The idea of Jewish Americans having dual loyalty is a foundational anti Semitic trope.
You can be sure his white nationalist supporters heard this dog whistle.
I’m not sure what chain of links got me to a Twitter thread by A.R. Moxon from last May. It’s still accurate, though one should multiply the death count by 2.3. The American Independent had tweeted a video of the nasty guy saying:
It's a very small percentage, a very, very small percentage … a tiny percentage.
Moxon
explained:
The points he’s making are:
1) most people aren’t even affected
2) most affected don’t die
He’s saying “look, it’s a percentage game, and you’ll probably beat it.”
You see?
If unchecked, the projection is several million dead.
Trump’s saying “yeah but it’s a big country.”
Not merely unconcern for those who have died; rather deliberate unconcern for those who will die if we simply decide we're going to let them die rather than doing the work and paying the cost.
Not just a case for acceptable loss, but a case to make any amount of loss acceptable.

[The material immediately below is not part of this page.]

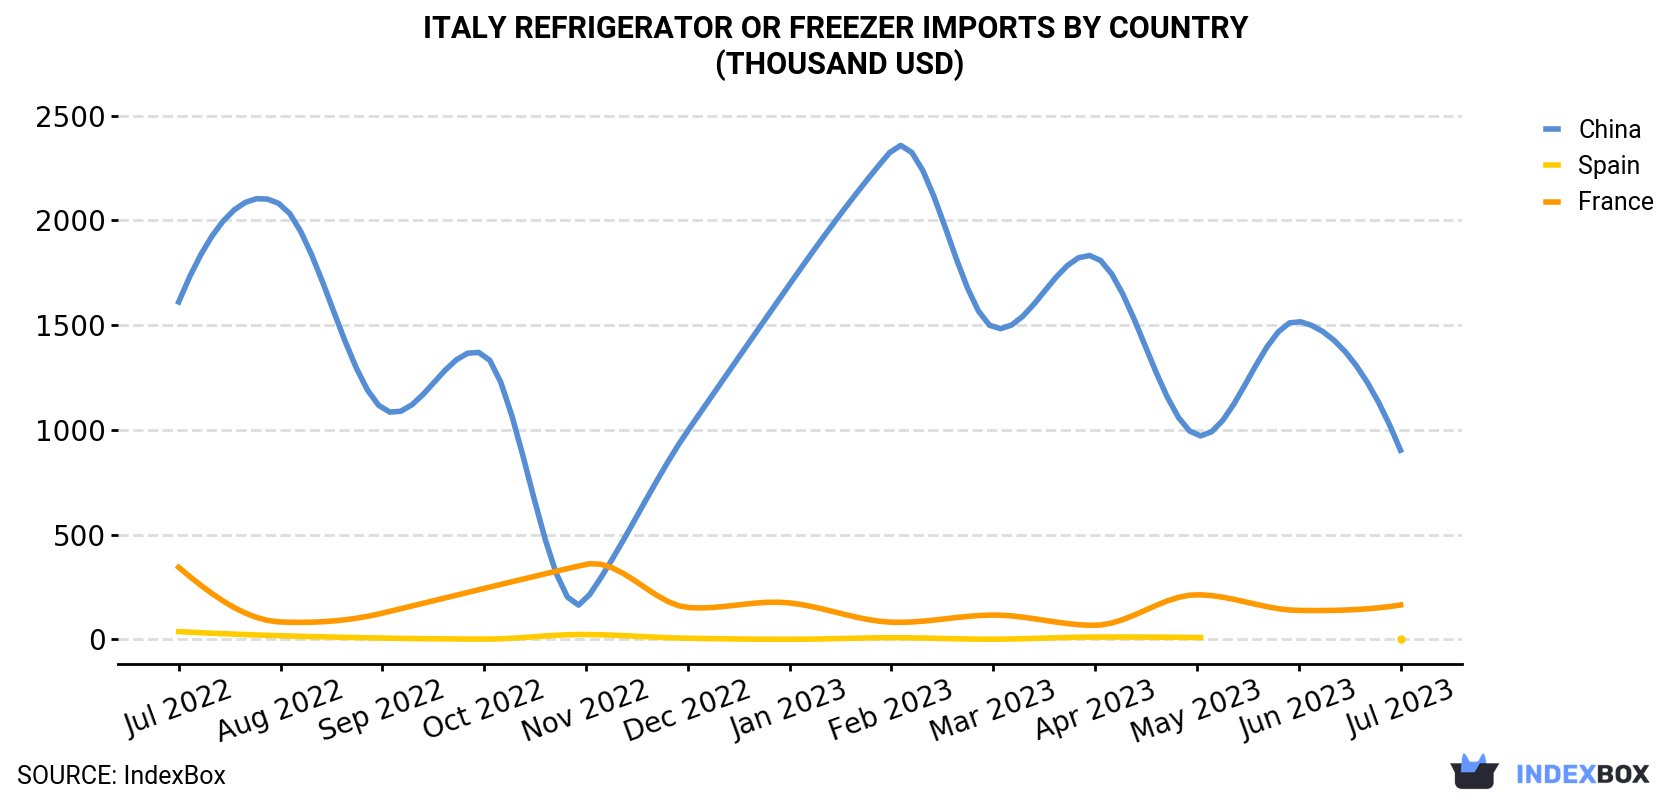 Italy Refrigerator Or Freezer Imports By Country (Thousand USD)

It's a level of unconcern for human life so deep and vast and total that most people refuse to comprehend it for what it is.
A leader capable of it is capable of killing millions. A population obeying such a leader makes such death inevitable.
That's what we're fighting.
Leah McElrath, speaking of the nasty guy
tweeted:
His attacks the media are analogous to narcissistic abusers’ efforts to isolate their victims.
As those of us who have lived through these dynamics interpersonally know, the sad reality is there is no easy end to this situation.
Malignant narcissists attempt to annihilate those with whom their relationships end.
Trump will target our nation for annihilation if he loses.
Mark Sumner of Kos commented on a decision by Scientific American. The nasty guy – and the GOP in general – are so anti-science that this science magazine has, for the first time in its 175 year history, endorsed a candidate for president.
Of course they endorsed Biden.
1845 was back in the Polk administration.